California’s average gas price is highest in U.S., $3.845 a gallon
California has grabbed the top spot in a painful competition for highest gasoline prices in the nation, surpassing Hawaii and Alaska, the states where fuel is almost always more expensive than anywhere else in the U.S.
On Friday, California drivers paid an average of $3.845 for a gallon of regular gasoline, up more than 3 cents from the day before. With that increase, California became the state with the most costly gas, according to AAA’s daily fuel-price survey, toppling Hawaii, which was close behind at an average price of $3.836. Alaska came in third at $3.80.
Motorists can blame increasingly expensive oil and the rigors of making California’s clean-burning gasoline, which is produced by few refineries outside the state, experts said.
In New York futures trading, U.S. benchmark crude rose $2.51 to $104.42 a barrel, the highest closing in 2 1/2 years. In London, the European benchmark Brent crude rose $1.18 to $115.97 a barrel.
California has been hit harder than many other states by rising oil costs because its refineries use a significant amount of imported oil with a price based on Brent crude. And domestic crude from Alaska, which accounts for more than 15% of the state’s oil supply, has been trading at about $116 a barrel, well above the U.S. benchmark grade.
The pain at the pump is persuading some Californians that they need to do more to free themselves from fuel-price distress.
“We’ll be passing European gasoline prices next,” quipped James Fong, a 54-year-old AT&T technician. But Fong wasn’t laughing much as he drove his gas-electric hybrid past Los Angeles service stations selling gasoline for $3.99 to $4.19 a gallon.
“I own a Prius, but I don’t want to rely on gasoline at all anymore,” Fong said. “I’m saving up for a Tesla.”
Typically, Hawaii and Alaska drivers have it worse than those in the rest of the nation. That’s because all of Hawaii’s oil is shipped there, mostly from Alaska, said Bob van der Valk, a fuel-price specialist and petroleum consultant. And Alaska has to ship some of its oil to be refined in the Pacific Northwest and then have it shipped back, greatly raising costs, he said.
The last time California’s prices were higher than in both of those states on a regular basis was in 2008 during the last gasoline-price shock. And prices are expected to continue to rise if unrest continues in the Mideast and North Africa and fuel demand rises with an improving economy.

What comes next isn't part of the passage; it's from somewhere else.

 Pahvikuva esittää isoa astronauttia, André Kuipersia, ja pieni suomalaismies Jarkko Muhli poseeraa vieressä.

“Everyone’s price is going to continue to go up,” Van der Valk said. “We could be looking at $4.75-a-gallon gasoline in California, but the one that is really going to hurt is diesel, which could go to $5.25 a gallon. This year, we’re up the creek without the paddle.”
The highest average gasoline price in California was $4.61 a gallon on June 19, 2008, and the record diesel average was $5.152 a gallon a month earlier, according to AAA’s survey. The current gas-price surge is being felt nationwide, with 10 states averaging $3.537 a gallon or more: California, Hawaii, Alaska, New York, Connecticut, Illinois, Nevada, Oregon, Washington and Michigan.

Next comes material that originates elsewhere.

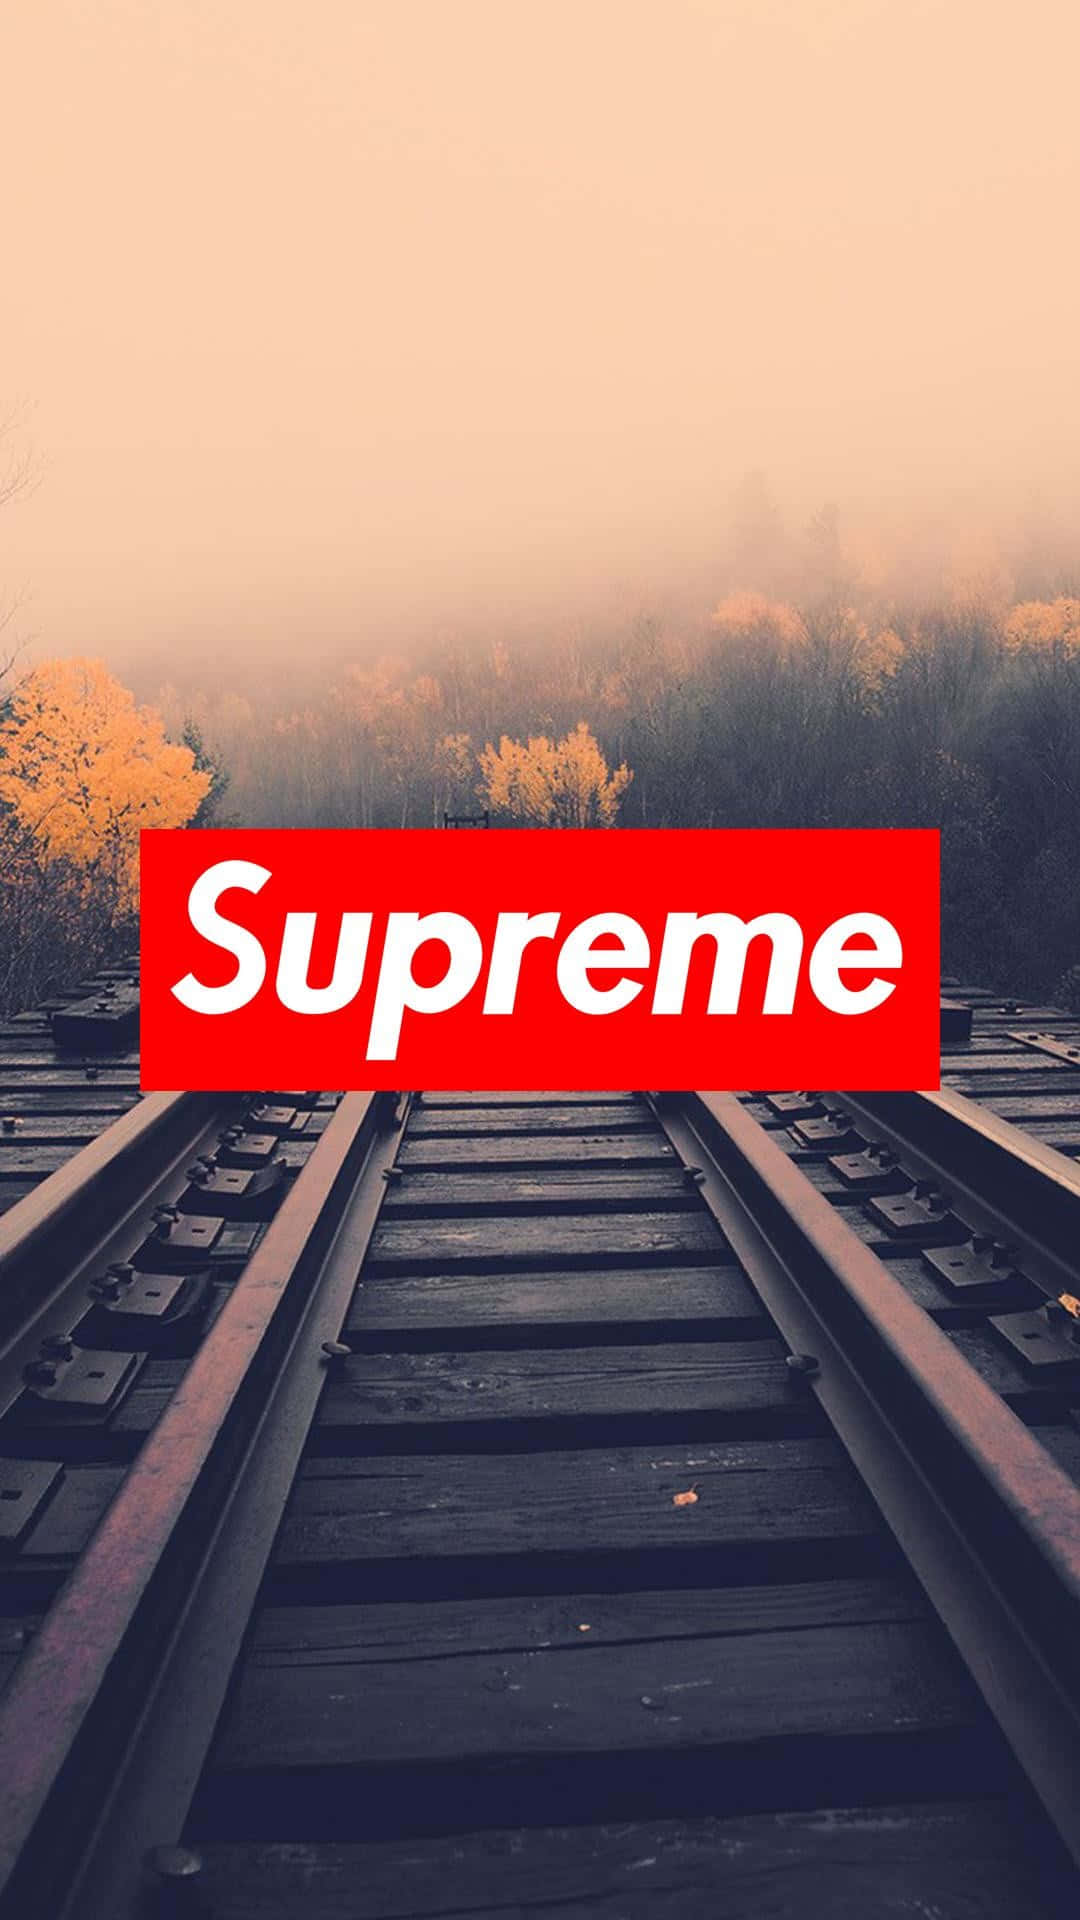 Logoet for Supreme, det ikoniske livstilsbrand, rider på en bølge af ild. Wallpaper

The AAA national average, which uses credit card receipts from more than 100,000 retailers around the U.S., rose to $3.471 a gallon Friday, up 4.4 cents overnight.

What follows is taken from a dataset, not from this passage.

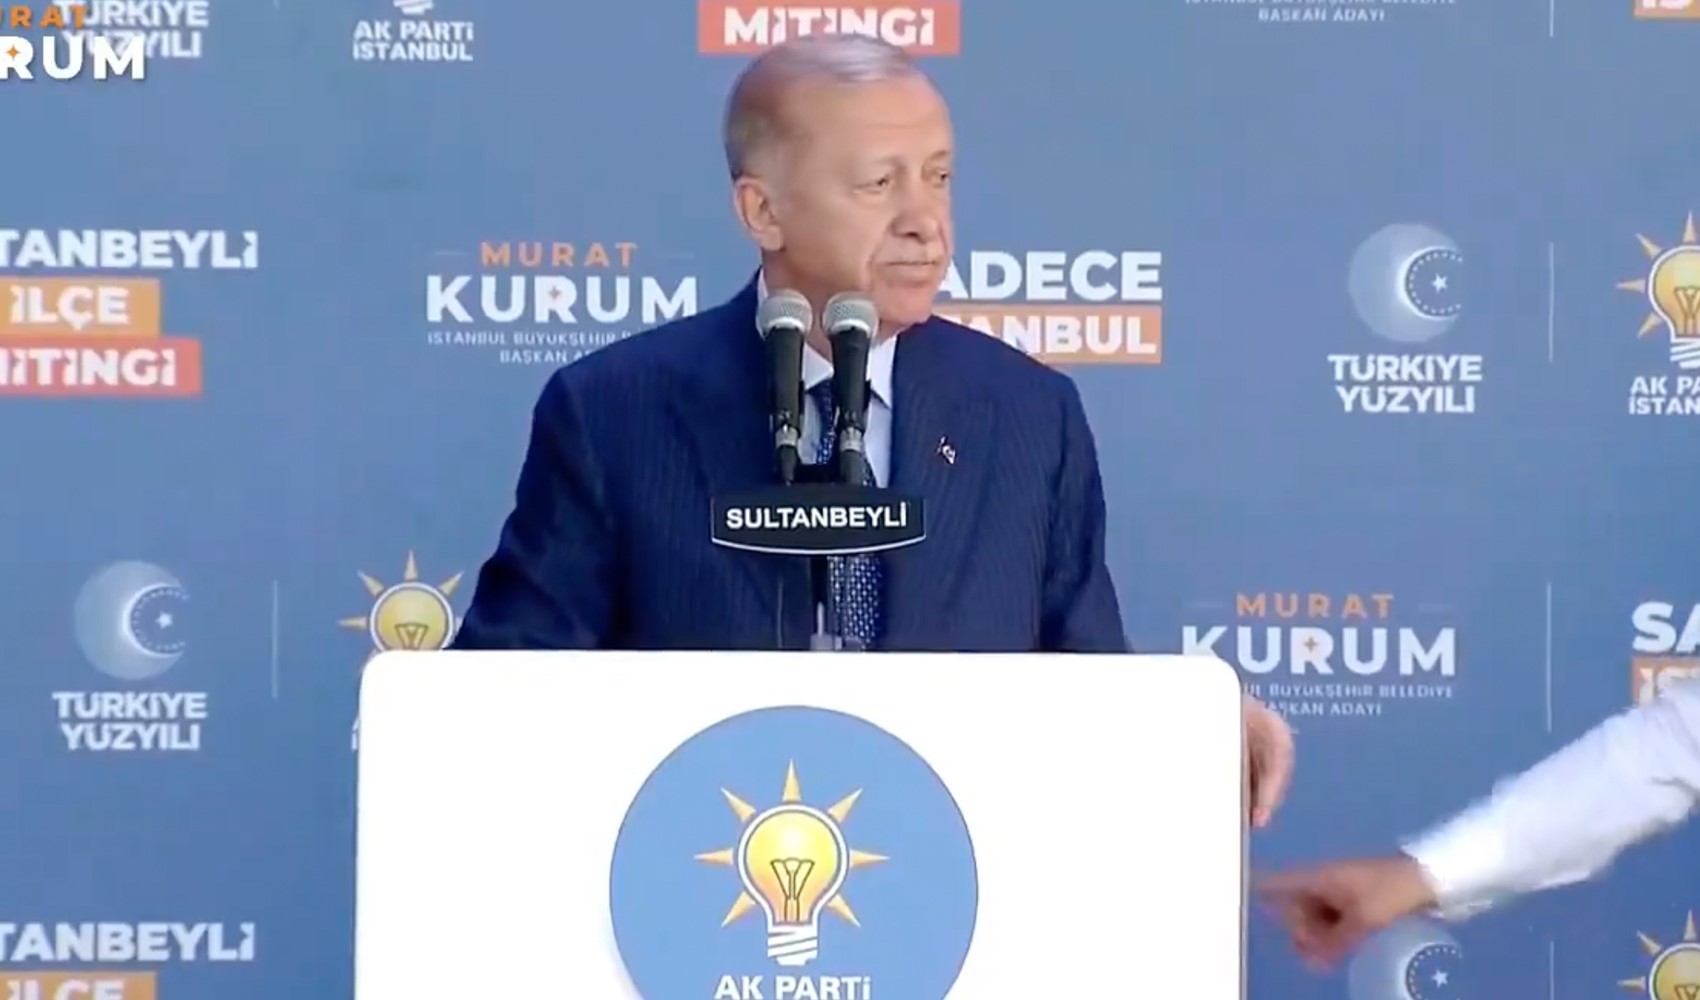 Cumhurbaşkanı Erdoğan 00:30'da konuşma yapacak

“A lot of these states are seeing their gasoline prices catch up to the increases in oil prices. Unfortunately, they still have a lot of ground to cover before it ends,” said Patrick DeHaan, senior petroleum analyst for GasBuddy.com, a price-tracking website.
Some economists fear that soaring energy costs could sap the economic recovery.
“The recent spike in gasoline prices, caused by rebellions in Libya, Egypt and elsewhere, is siphoning off consumer dollars and dampening business interest in adding employees,” said Peter Morici, a professor at the University of Maryland’s Smith School of Business.
And for drivers like Fong, it was time to take the next step. Fong is not only saving up for an all-electric Tesla, he’s also studying how to install solar panels at his home; he figures it will be cheaper to install the solar-energy system himself.
“We’re a world economy now. All of the other countries are vying for the same oil we use and it’s just going to keep pushing those prices up,” Fong said. “I want to get way ahead of the curve.”